Toca preparar morcillas y morcones… Aunque hay variadas recetas, la base es la sangre del infortunado, a la que se aporta cierta cantidad de carne, pringue y los condimentos: sal, ajo, laurel, pimienta, clavo, ñora, pimentón, orégano y comino, y algún otro según estime la maestra mondonguera. Con todo ello se hace una masa uniforme, que se irá embutiendo en las tripas limpias: intestino delgado para las morcillas, intestino grueso para los morcones. Atadas con hilo alimentario de algodón, poco a poco se irán introduciendo en el agua hirviendo de un buen y ancho caldero de cobre, para ir cociéndolas al tiempo que se pinchan para que no revienten. Tras media o tres cuartos de hora, según estimación, de cocción se van sacando y poniendo, cual hermoso rosario de cuentas, en un varal de caña, madroño o lo que esté a mano, para colgarlas en altura, lejos de perros y gatos, que tampoco faltan en estos menesteres.

Y va oscureciendo y las fuerzas faltando, es hora de merecido descanso y cena…, que se irá preparando con lo que en el día se ha ido sacando, y donde no suele faltar un buen puchero al que ha caído una gallina que se despistó más de lo debido.
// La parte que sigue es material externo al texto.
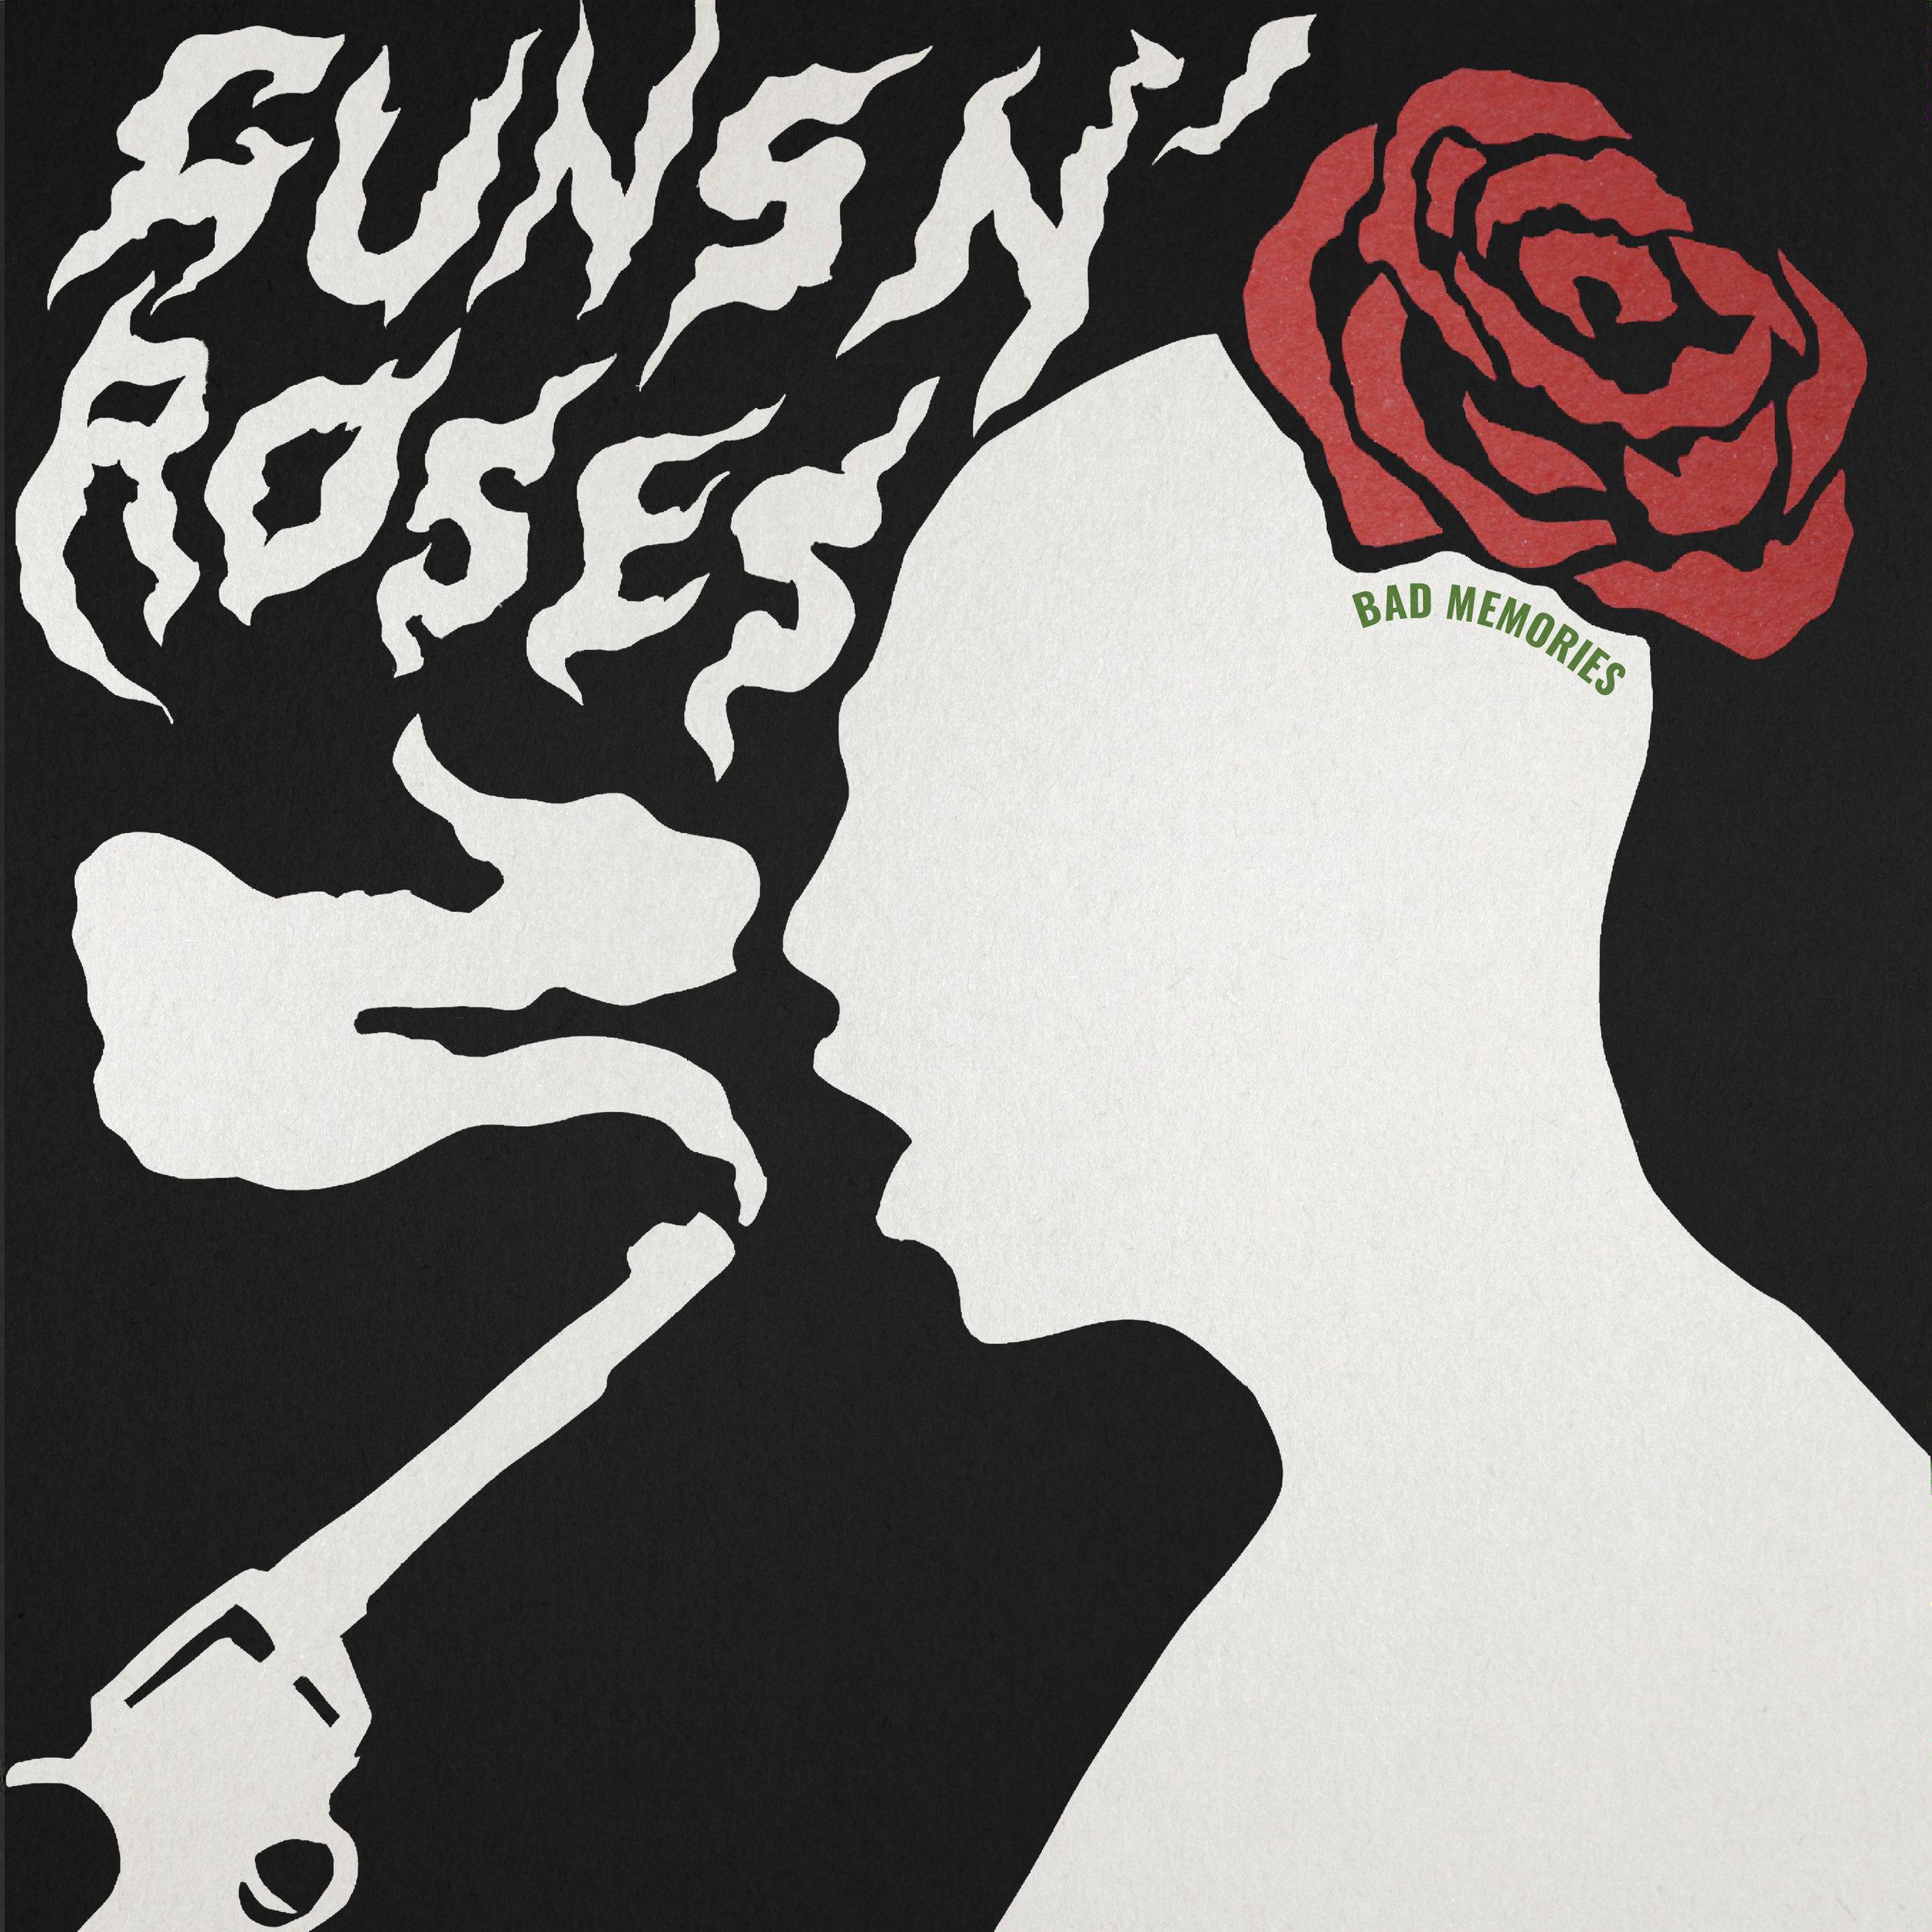 GUNS N ROSES COMPILATION ALBUM COVER

He dicho hora de descanso, pero ésta parece que ha pasado pronto, porque ya sale Francisco con las gracias, Teresa y Paula la de Ambrosio se están arrancando con unos cantecillos, ya tamborilean en la mesa, y el abuelete Jaime le enseña a dos chiquillos, Sergio y Carlos, cómo se rasca la botella de anís… ¡¡Ya la hemos liao!!… A ver cuándo termina esto… y cómo… es la noche de la matanza… fiesta, descanso, chascarrillos y picardías, envites, cuentos y leyendas, vinito dulce y anís, arrumacos y desazones, “intentos” y “calabazas”,…, el festejo del encuentro y la celada de un nuevo adiós…

No ha despuntado el sol, pero ya cantan los gallos, ya hay trasiego en la cocina, los más madrugadores vaso de café en mano, tostá de pan moreno en la otra… El segundo día de matanza tiene los deberes claritos.

El veterinario ya dio su bendición al sacrificado… comienza el despiece. Hacha, cuchillos bien afilados y manos diestras hachean, despiezan, limpian y organizan las distintas partes. Así, ya nos encontramos con las patas, los lomos y solomillos, los costillares, el espinazo, la papada, la cabeza de lomo, que suponen las piezas más grandes; junto a otras más concretas y pequeñas, el rabo, la lengua, los sesos, la castañuela, las mollejas y otra casquería, y, por supuesto, los tocinos y los huesos. Sin duda, un amplio y singular muestrario con vocación de exquisiteces.

Toca hoy salar tocinos, costillas troceadas y huesos, con sal gorda y en robustos cajones, preparar la conservación de otras partes,… y comer de lo lindo las carnes del sacrificado.

No siendo nuestra comarca campogibraltareña zona apropiada a la curación de jamones, ni embutidos, por la humedad que nos trae la cercanía al mar, las carnes y asaduras se reparten, fundamentalmente, entre el consumo directo en el día o posteriores, el reparto entre familiares y la conservación en manteca o sal.

Un buen potaje de callos con manitas y garbanzos suele ser el plato estrella del día, acompañados de carne en salsa y en tomate, filetitos de lomo, asadura encebollá, mollejas fritas,…, incluso no faltará alguna diestra cocinera que se atreva con la pata mechá al horno, que se estrena hoy y aún durará por unos días.

Y a la tarde, tras el cafelito y algún mantecado, bizcocho casero o pastelillos los principales de la casa se disponen al reparto entre los participantes e invitados: Filetes de lomo asado, chicharrones de carne o pella, costillas y chuletas de cabeza o palo para comerlas en los días siguientes o conservarlas en el congelador; asaduras, zurrapa de lomo, morcillas, chorizos, todos ellos en manteca, junto a las morcillas y morcones, chorizos y algún salchichón, y lo salado, para ir proveyendo poco a poco.

Y con la carga hecha, los besos, los abrazos, los buenos augurios y parabienes llegan los adioses, los hasta mañana y las despedidas de los más lejanos, con lo que, paradójicamente, ya comienza a contar el calendario para la próxima y deseada cita de la matanza.